Rehn: verdere Franse belastingen dramatisch voor economie (en)
Auteur: Benjamin Fox
BRUSSELS - New measures to reduce France's budget deficit must come from public spending cuts, the EU's economic affairs commissioner said Sunday (25 August), warning that any new taxes would “destroy growth and handicap the creation of jobs."
In an interview with the French weekly Le Journal du Dimanche, Olli Rehn i, commissioner for economic and monetary affairs, said that tax levels in France had reached a "fateful point". “Budgetary discipline must come from a reduction in public spending and not from new taxes,” he added.
Rehn's remarks come as Francois Hollande i's socialist government race to finalise reforms of the country's budgetary plans, including reforms to the French healthcare and pension schemes. Under the EU's recently revised rules on economic governance, governments must submit their budget proposals to the EU executive for an opinion prior to their adoption, although they are not legally required to apply the Commission's fiscal recommendations into law.
The French economy recorded a better than expected 0.5 percent growth rate in the second quarter of 2013, which will dampen concerns that the country's economy will remain stagnant in 2013.

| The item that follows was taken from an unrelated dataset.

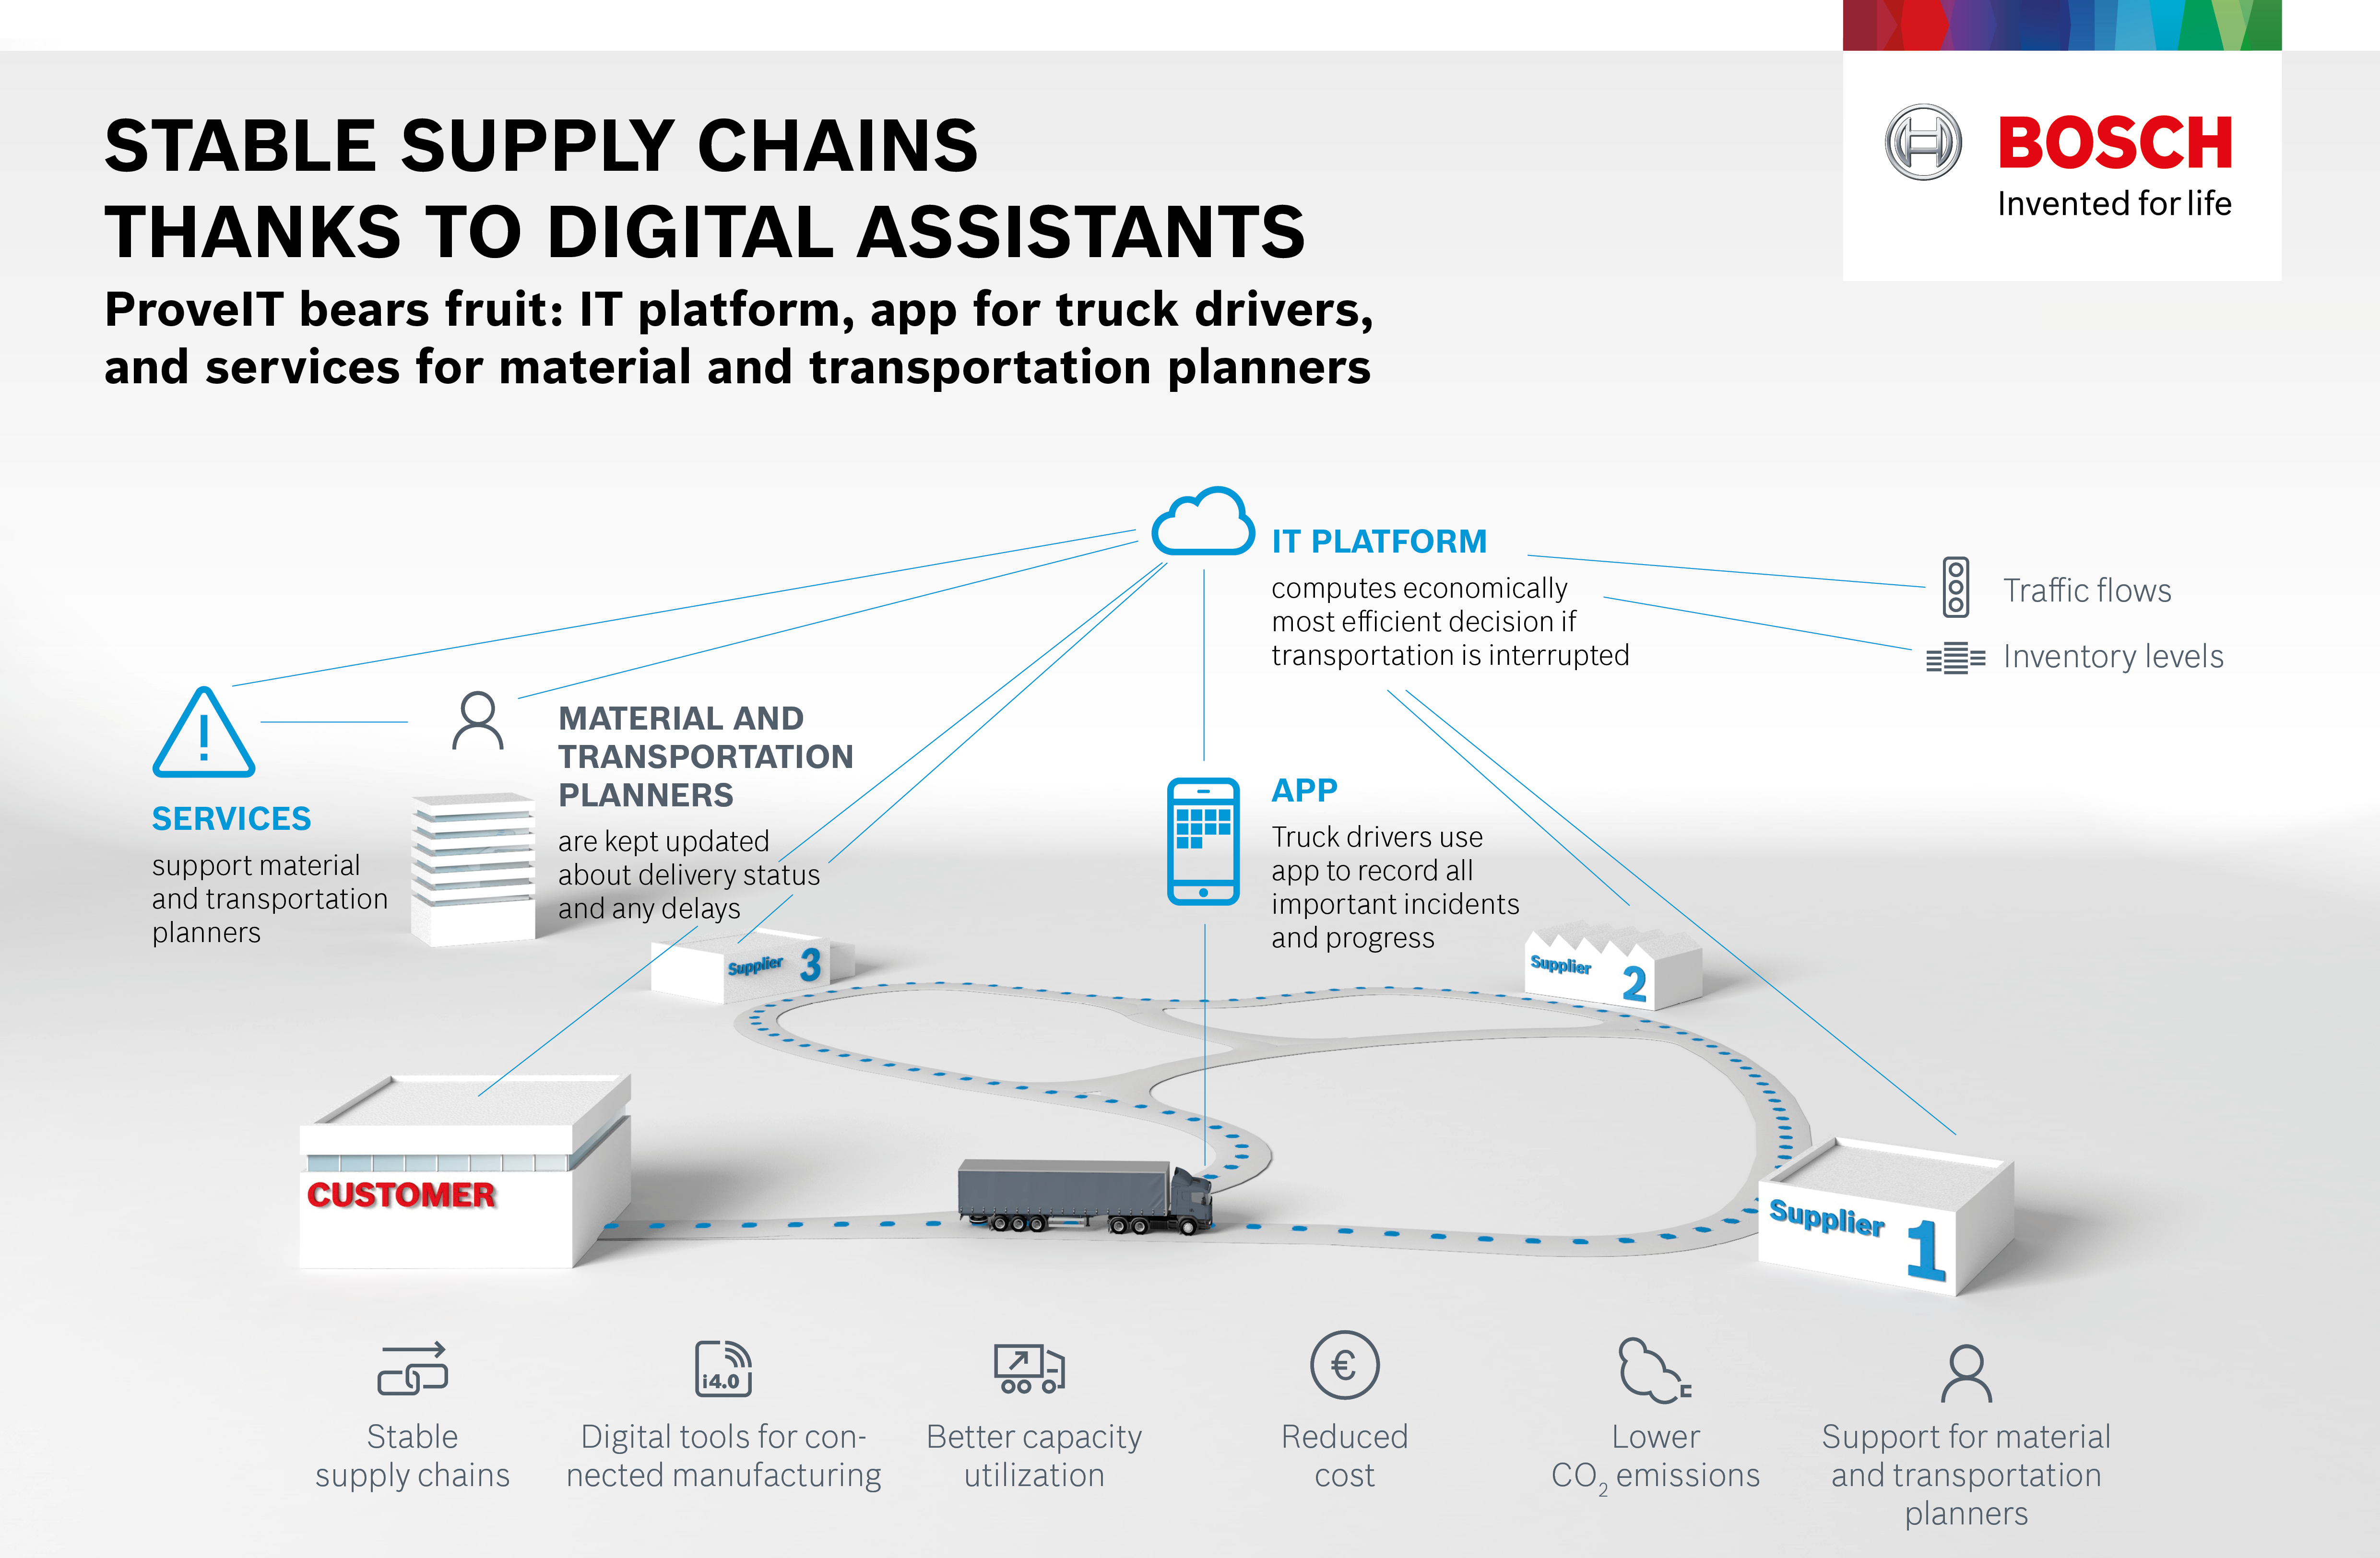 Stable supply chains thanks to digital assistants

In the first 14 months of his Presidency, Hollande has come under increasing pressure from Brussels to bring down France's budget deficit and liberalise its labour market. In May, Paris was given a two year extension by the European Commission, until the end of 2014, to bring its deficit below the EU-required 3 percent of GDP. Rehn warned Hollande that it was "crucial that it (France) uses this extra time to overcome problems with its competitiveness".
Hollande is also under pressure from his governing socialist party to increase employment and maintain public spending levels. In July, the country's jobless total reached 3.279 million, an increase of 14,900 people from May, dealing a blow to Hollande's pledge to reduce unemployment by the year's end.
Unlike the austerity measures in most other European countries, Hollande's government has put the emphasis on higher taxes rather than spending cuts as it seeks to balance the country's books. The French tax burden currently stands at around 48.5 per cent of GDP
On Sunday prime minister Jean-Marc Ayrault reiterated plans to press ahead with a “carbon” or “green” tax to try to push the French economy away from dependence on fossil fuels.